### Task objective
Give the records again exactly, but drop the pictures.

### Extracted data
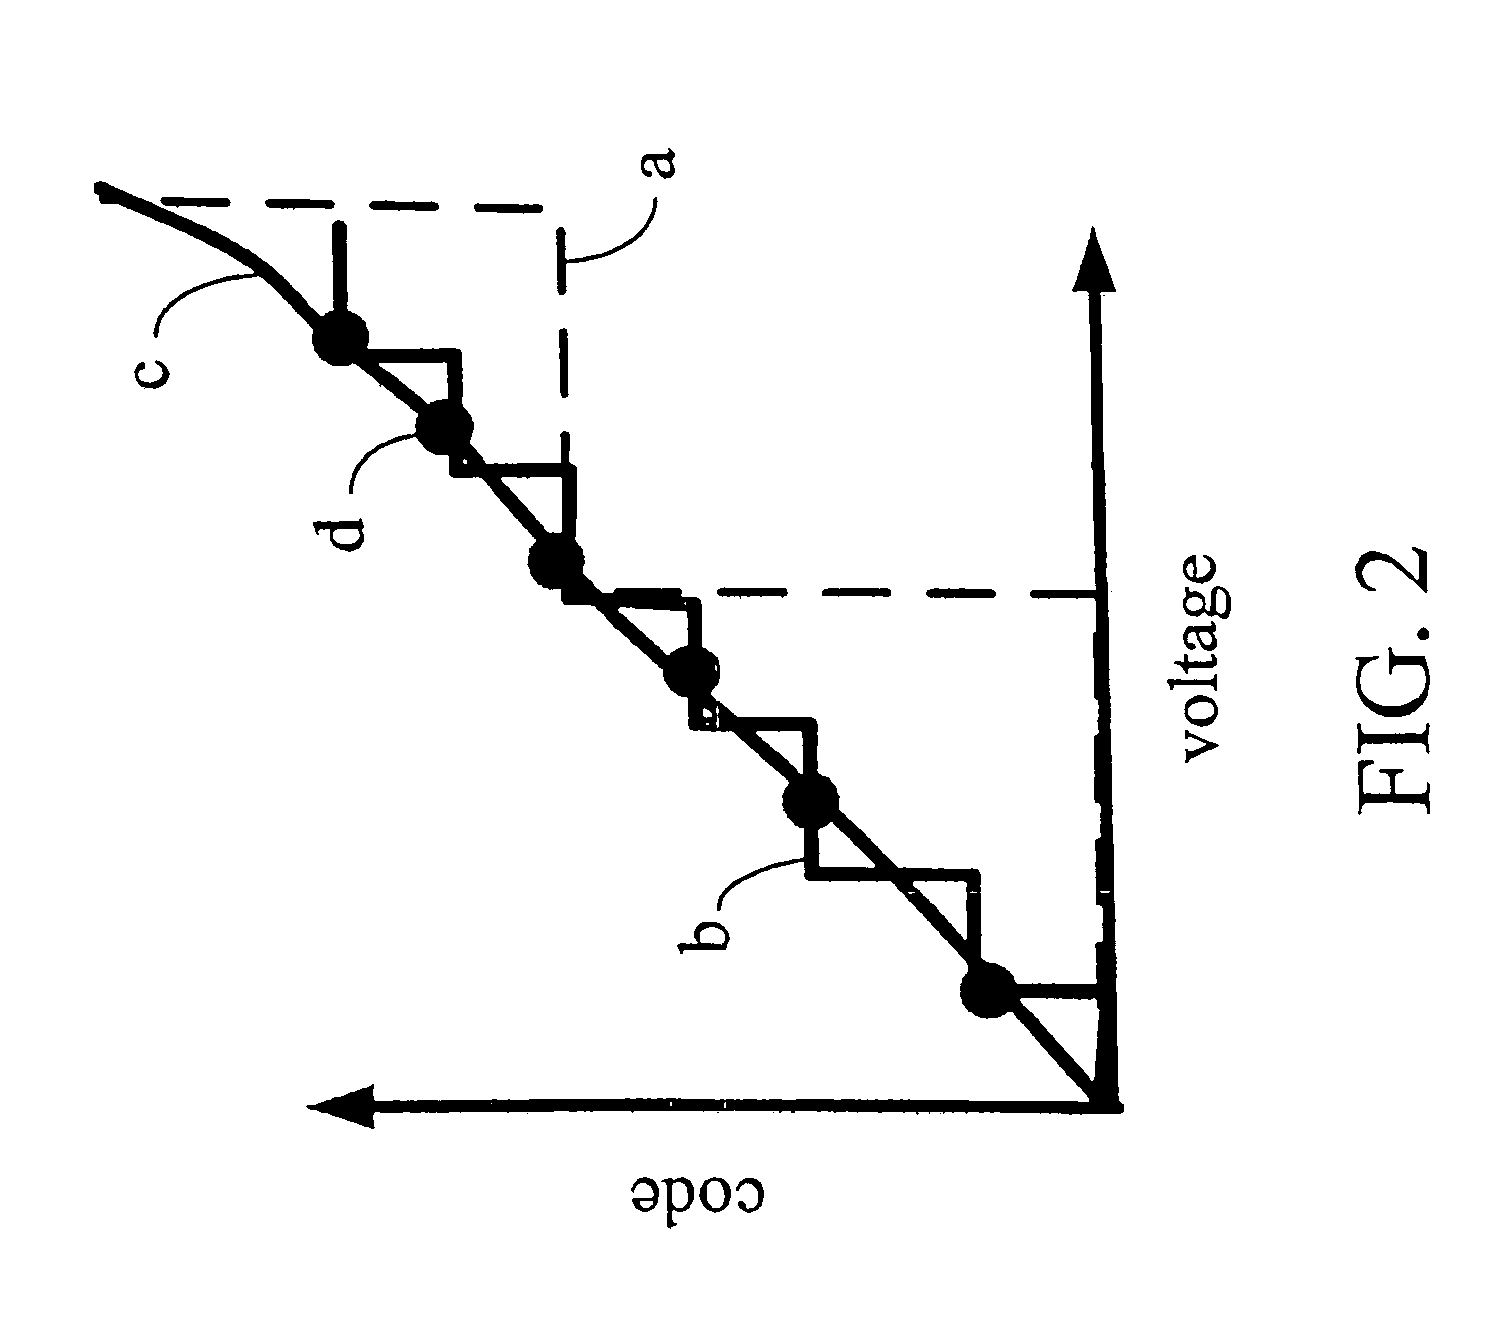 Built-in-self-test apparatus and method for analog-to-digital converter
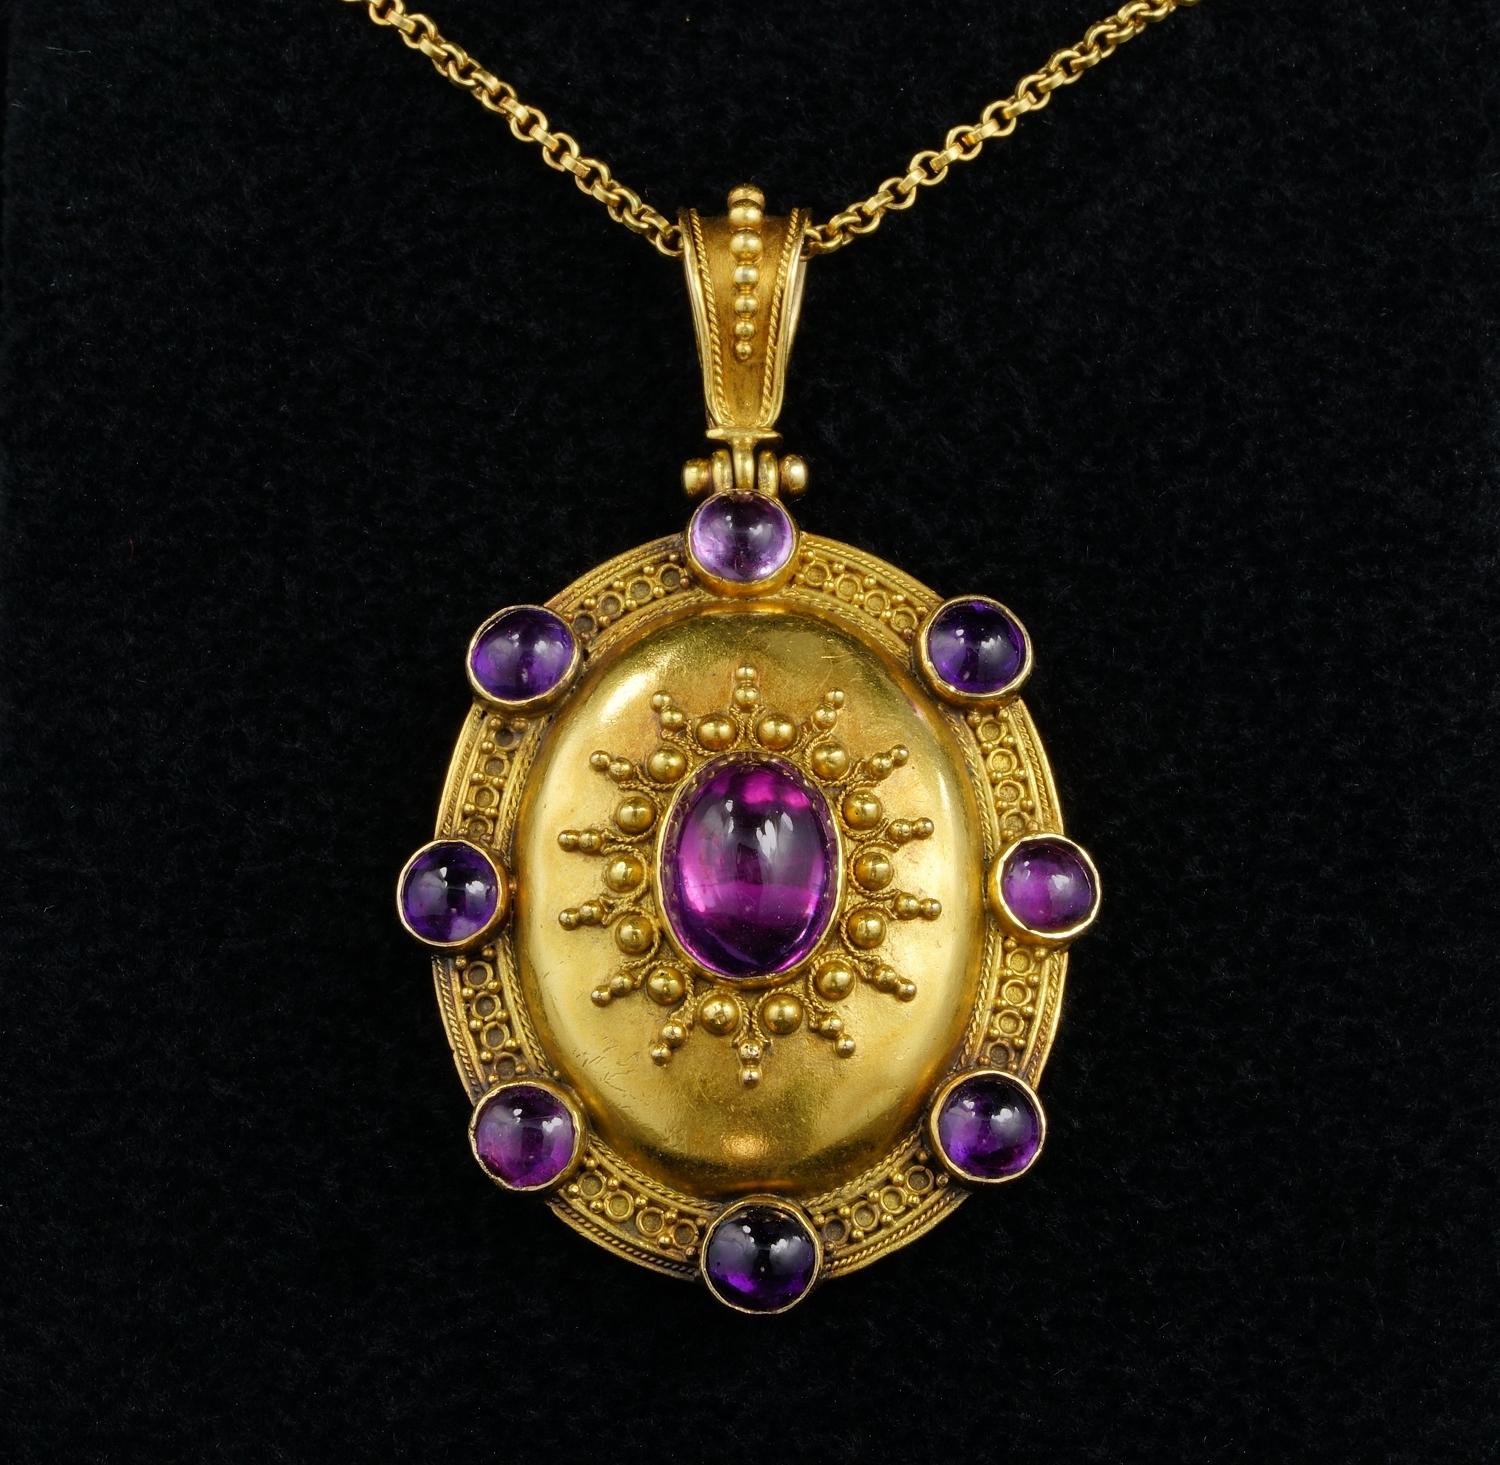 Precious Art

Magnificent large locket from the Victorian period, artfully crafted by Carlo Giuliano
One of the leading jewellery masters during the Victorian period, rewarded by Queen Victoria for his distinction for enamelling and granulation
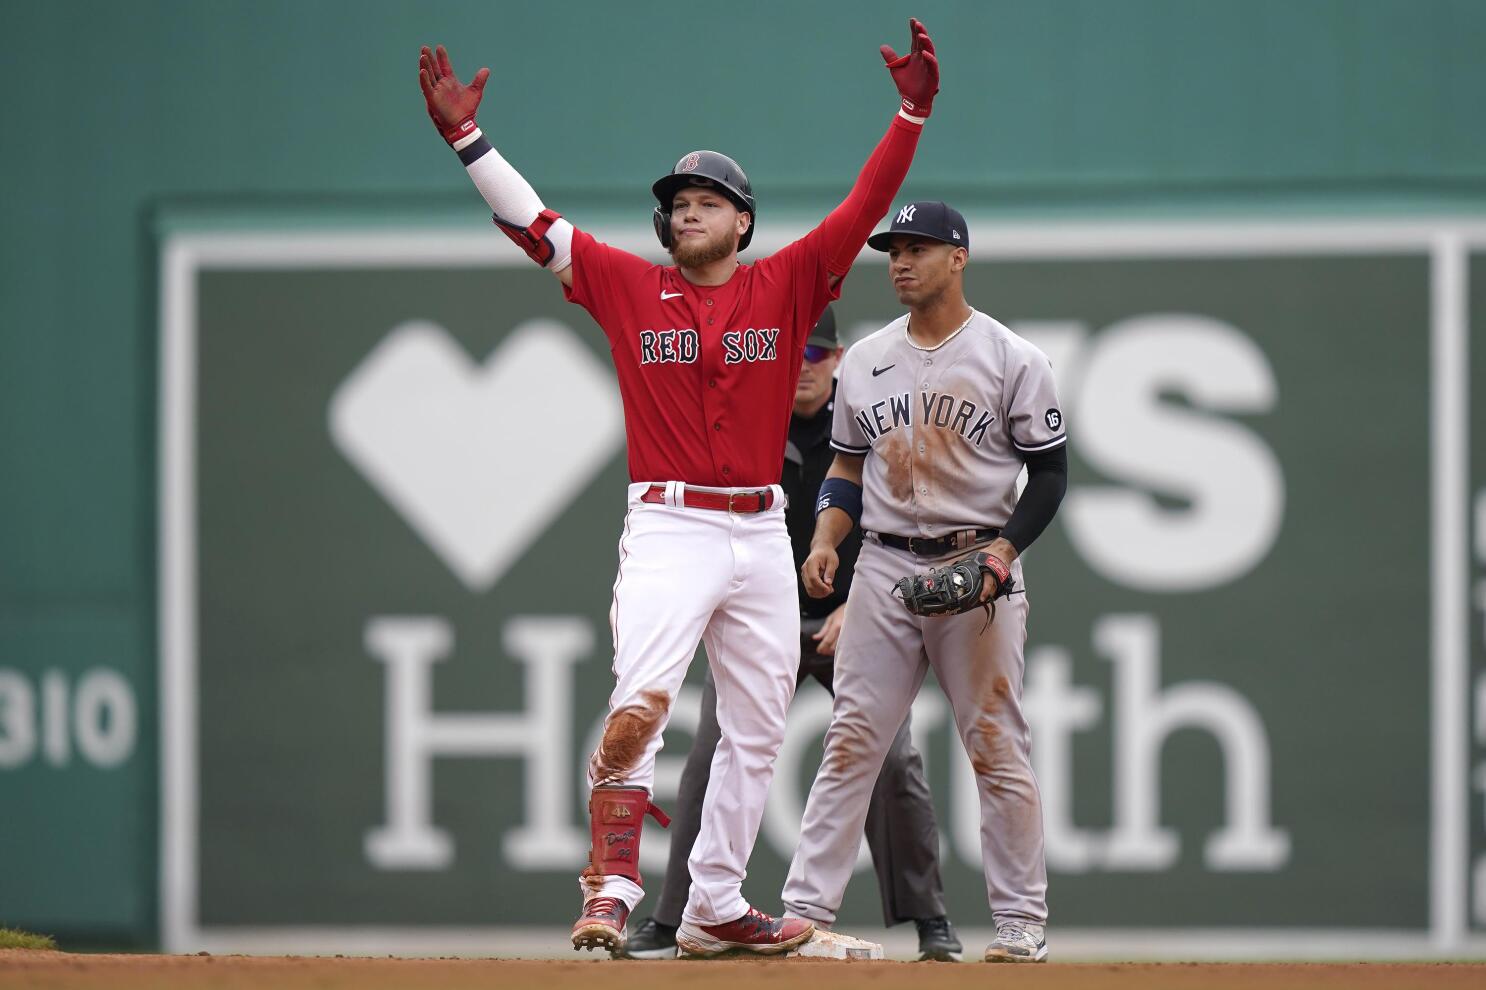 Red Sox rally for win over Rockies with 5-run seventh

### Exercise solution
 Built-in-self-test apparatus and method for analog-to-digital converter
 Precious Art

Magnificent large locket from the Victorian period, artfully crafted by Carlo Giuliano
One of the leading jewellery masters during the Victorian period, rewarded by Queen Victoria for his distinction for enamelling and granulation
 Red Sox rally for win over Rockies with 5-run seventh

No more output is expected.